The Age of Witches - Louisa Morgan Page 0,137

when the knowing swept over her.

“Oh, Alexander,” she whispered. “I am so glad. I am so very glad for them.”

47

Annis

Annis, like Harriet, felt in need of a bath the moment she

reached home. She dashed up the stairs without seeing anyone and ran her own bath. She stripped off her clothes and piled them on the floor. As she sank into the scented, soapy water, it occurred to her that when Velma went off to the Dakota, there would be no one to pick up her things, to clean them, to put them away when she tossed them about. Perhaps having a lady’s maid wasn’t such a bad idea after all.

She scrubbed herself from head to toe, even washing her hair, though it would take hours to dry. When she emerged from her bathroom, she found a dejected Velma gathering up her dropped shirtwaist and skirt and lingerie and stuffing them into a laundry bag.

Velma straightened, and it was obvious from her swollen eyelids and reddened cheeks that she had been crying.

“Velma,” Annis said, as gently as she could. “It’s going to be all right.”

Velma shook her head. “It ain’t. Mrs. Frances all alone in that place? Not all right.”

“I have very good news about that, Velma, but it means a big change for you. A different opportunity. You can say no if you wish, and no one would hold it against you.”

Velma stood dumbly, holding the laundry bag, gazing at her without understanding.

“Mrs. Frances is out of the asylum. She’s safe with my aunt Harriet. You will soon meet my aunt, Miss Harriet Bishop.”

Velma nodded, her lips a little apart, her dull eyes beginning to brighten. “Miss Harriet got Mrs. Frances?”

“Yes. At the Dakota, across from Central Park. We’re hoping you will go to be Mrs. Frances’s maid. Well, her nurse. She’s no better than she was, I’m afraid.”

Velma’s eyes brightened more. “That’s my job now? At Miss Harriet’s?”

“If you’re willing to take it.”

Velma nodded, and more tears filled her eyes, tears of relief and hope. Annis felt a twist of empathy in her breast over Velma’s misery and constant anxiety. She said as gently as she knew how, “Go and pack your things, then. They’re expecting you tonight.”

Annis had only just finished dressing and toweling her damp hair when Velma returned. Annis exclaimed aloud over her transformed appearance. The swollen eyelids were gone, and she had washed away the blotches of tears on her cheeks. She was wearing her best shirtwaist and newest skirt. She had brushed her thin hair into a passable chignon and perched her flat straw hat on top. She held a cardboard valise in one hand and her short woolen coat in another.

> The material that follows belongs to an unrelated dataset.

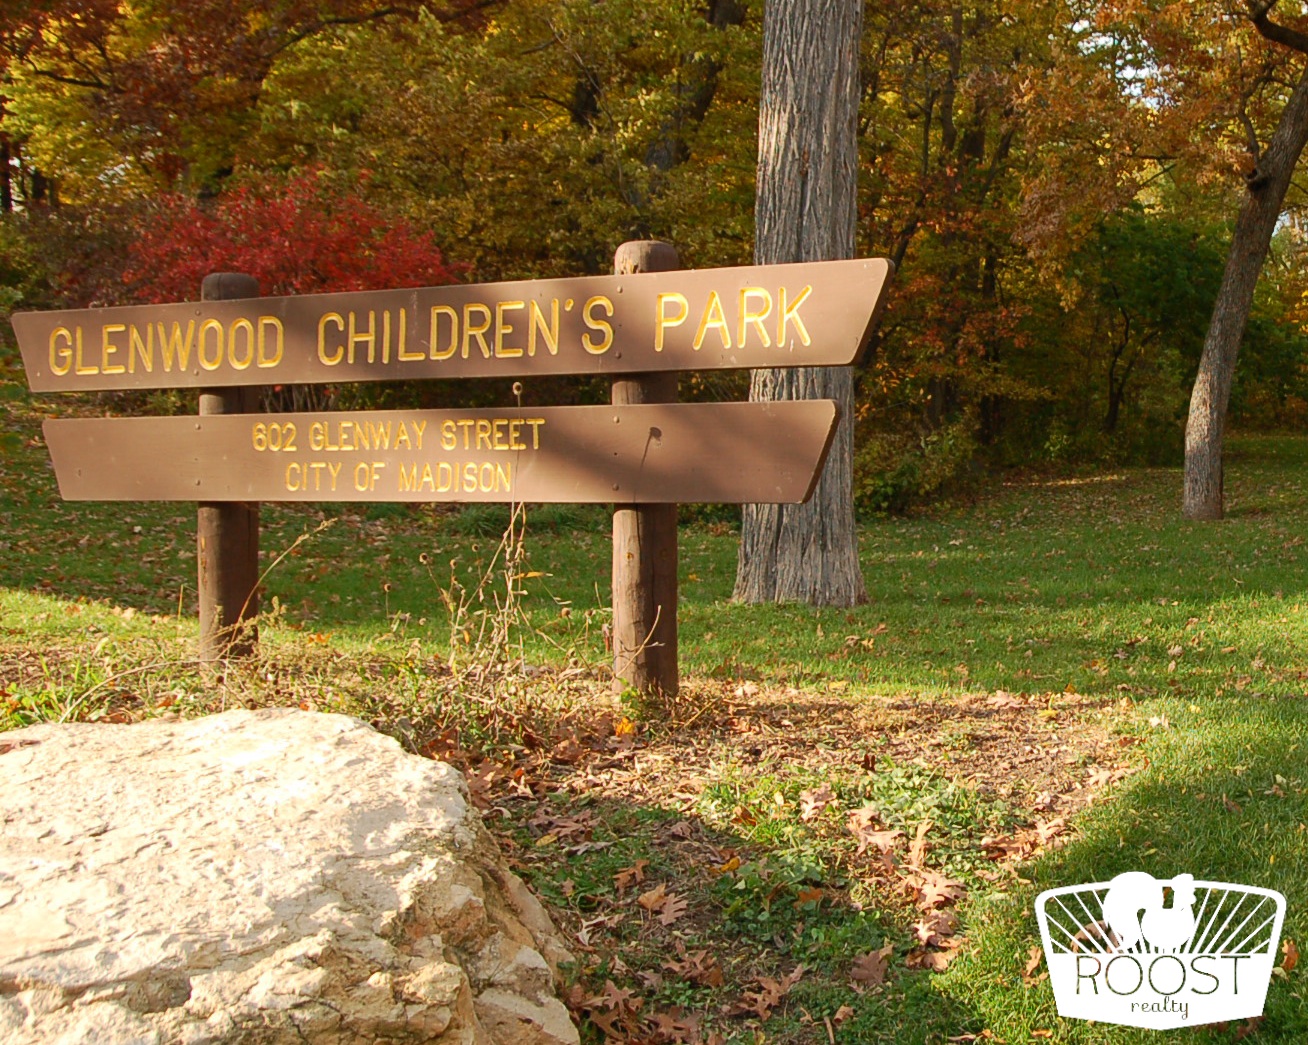 Glenwood Children's Park sign in the Dudgeon Monroe neighborhood.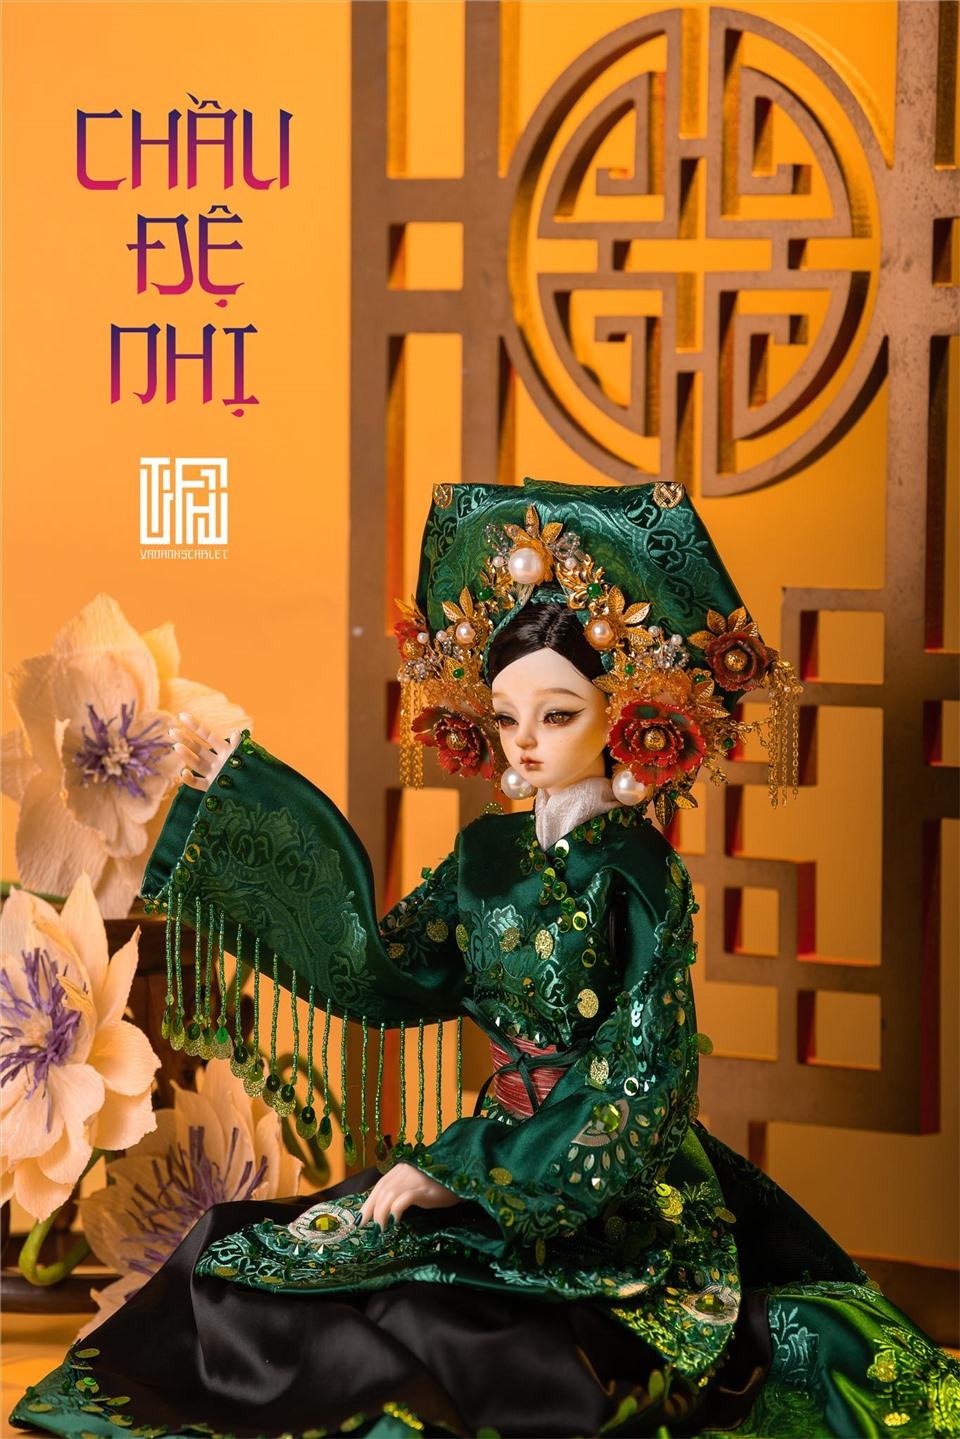 Nó không chỉ tạo nên một không gian tâm linh huyền bí mà còn thể hiện được nét uy nghi, sang trọng, cũng như niềm hân hoan và vẻ đẹp hồn nhiên, trong sáng của người Việt trong một thế giới văn hóa tâm linh và tín ngưỡng.

Annis said, “You look—why, Velma, you look very nice.”

“The Dakota,” Velma said, as if that explained the effort she had made.

“Yes, indeed. I hope you’ll like it there.”

They were already downstairs, with Robbie waiting in the drive, when Velma said, “Oh! I forgot!” She dropped her valise and her coat on the floor and turned to run, rather clumsily, back upstairs. When she returned she was carrying the cut-glass swan, carefully cupped in her hands.

Annis picked up the maid’s valise and coat and carried them for her. She assisted Velma up into the carriage and saw her safely settled, her most precious possession cradled in her lap.

“Robbie,” Annis said as he picked up the reins. “Don’t let that doorman send you down to the servants’ level. Tell him Velma is to go right up the stairs, just as a lady’s maid does.”

Robbie grinned. “Yes, Miss Annis.” He touched his cap and set off for the Dakota. Annis stood in the gravel drive, waving farewell to her former maid.

Annis, hairbrush in her hand, knelt before a lively fire in the small parlor to dry her hair. James found her there and held out his hand for the brush. “Allow me,” he said.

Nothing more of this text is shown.